The momentum for automated journalism has been building for years now and is definitely picking up steam. The New York Times reports that Tronc, Hearst, Bonnier, Gannett and the Weather Channel use automation to do everything from streamlining video production to analyzing and summarizing text and finding photographs and video clips to go with it. And, in an April memo to Bloomberg’s staff, Editor-in-Chief John Micklethwait announced that the news organization is creating a 10-person team to determine how automation can be used throughout the company’s portfolio of editorial products.
As Dr. Andreas Graefe, author of the Tow Center for Journalism report “Guide to Automated Journalism” noted, automated journalism is particularly useful in generating routine news stories for repetitive topics for which clean, accurate, and structured data are available. He also outlines the potential for algorithms to generate large volumes of news quickly, potentially in multiple angles and personalized for reader preference.

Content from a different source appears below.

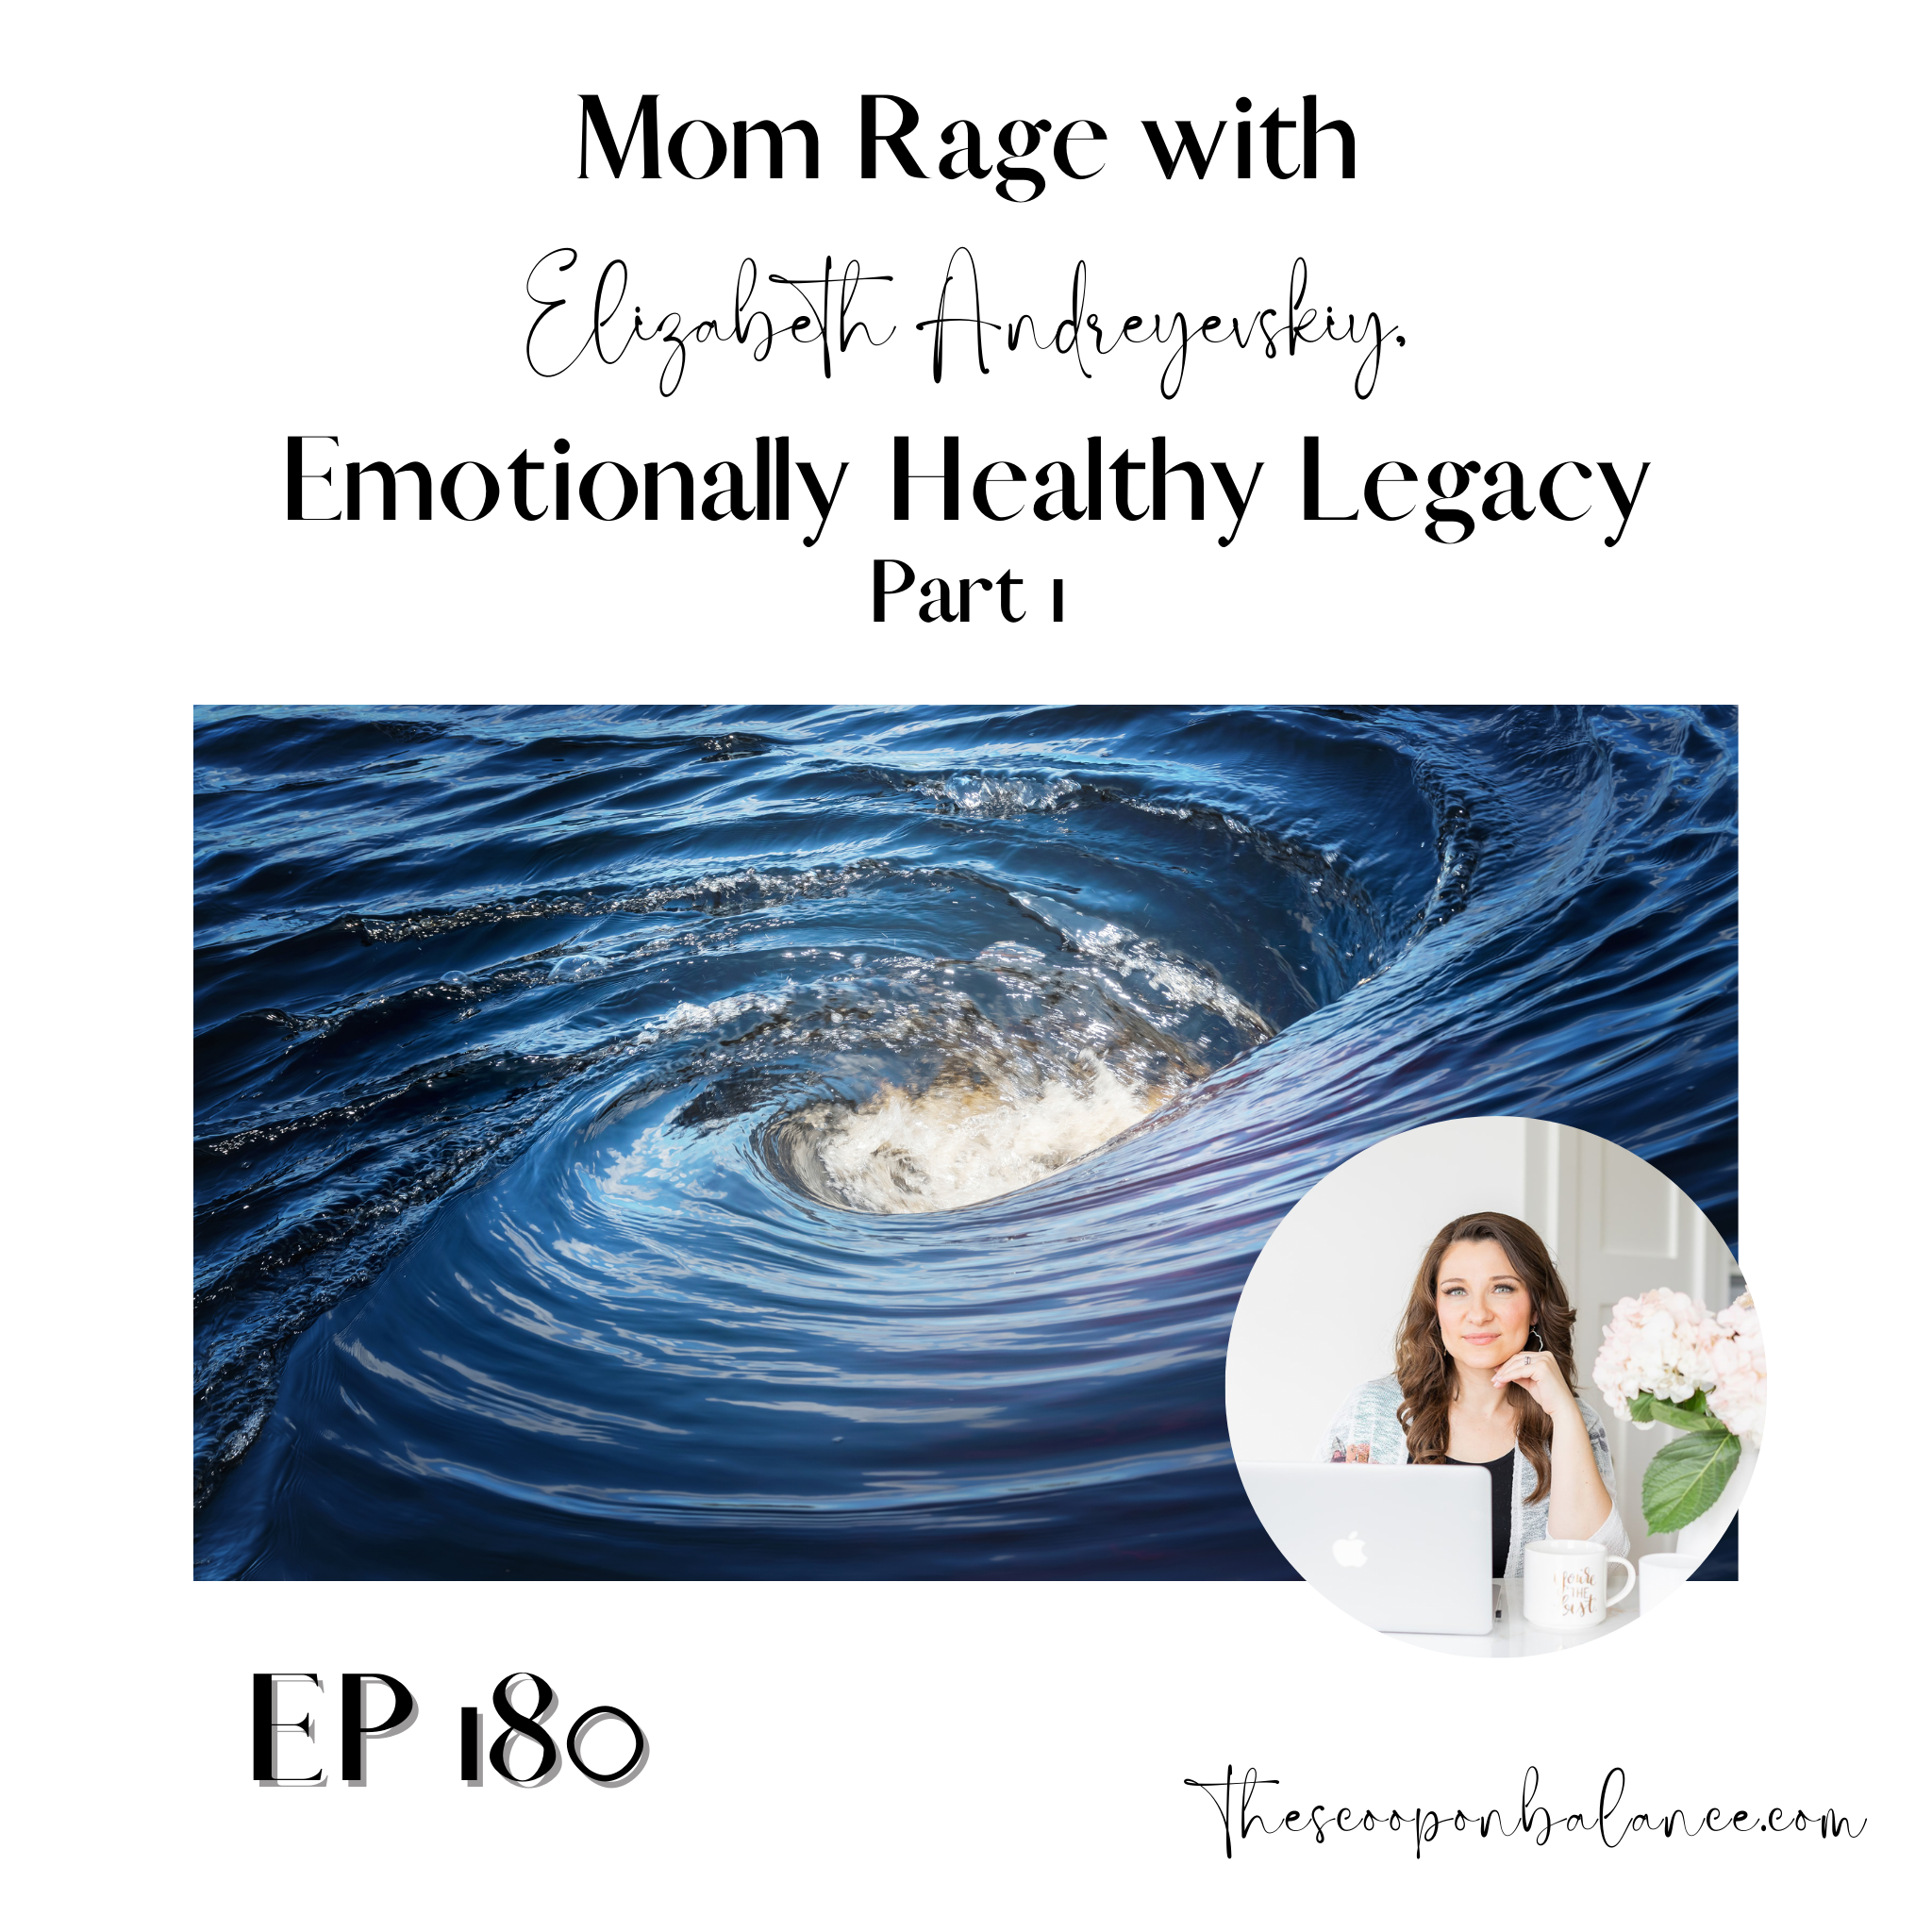 Ep 180: Mom Rage with Elizabeth Andreyevskiy, Part 1

But, as the report points out, there are limitations to automation that must be carefully considered as more organizations use artificial intelligence to augment their journalism. Given many of the current implementations reliance on data, the quality of that data is paramount. And, as Micklethwait points out in his memo, “one irony of automation is that it is only as good as humans make it.” That, of course, extends to the media organizations that deploy algorithmic approaches, which must balance efficiency, transparency, and the consumer demands of more information, faster—but who also love a good read.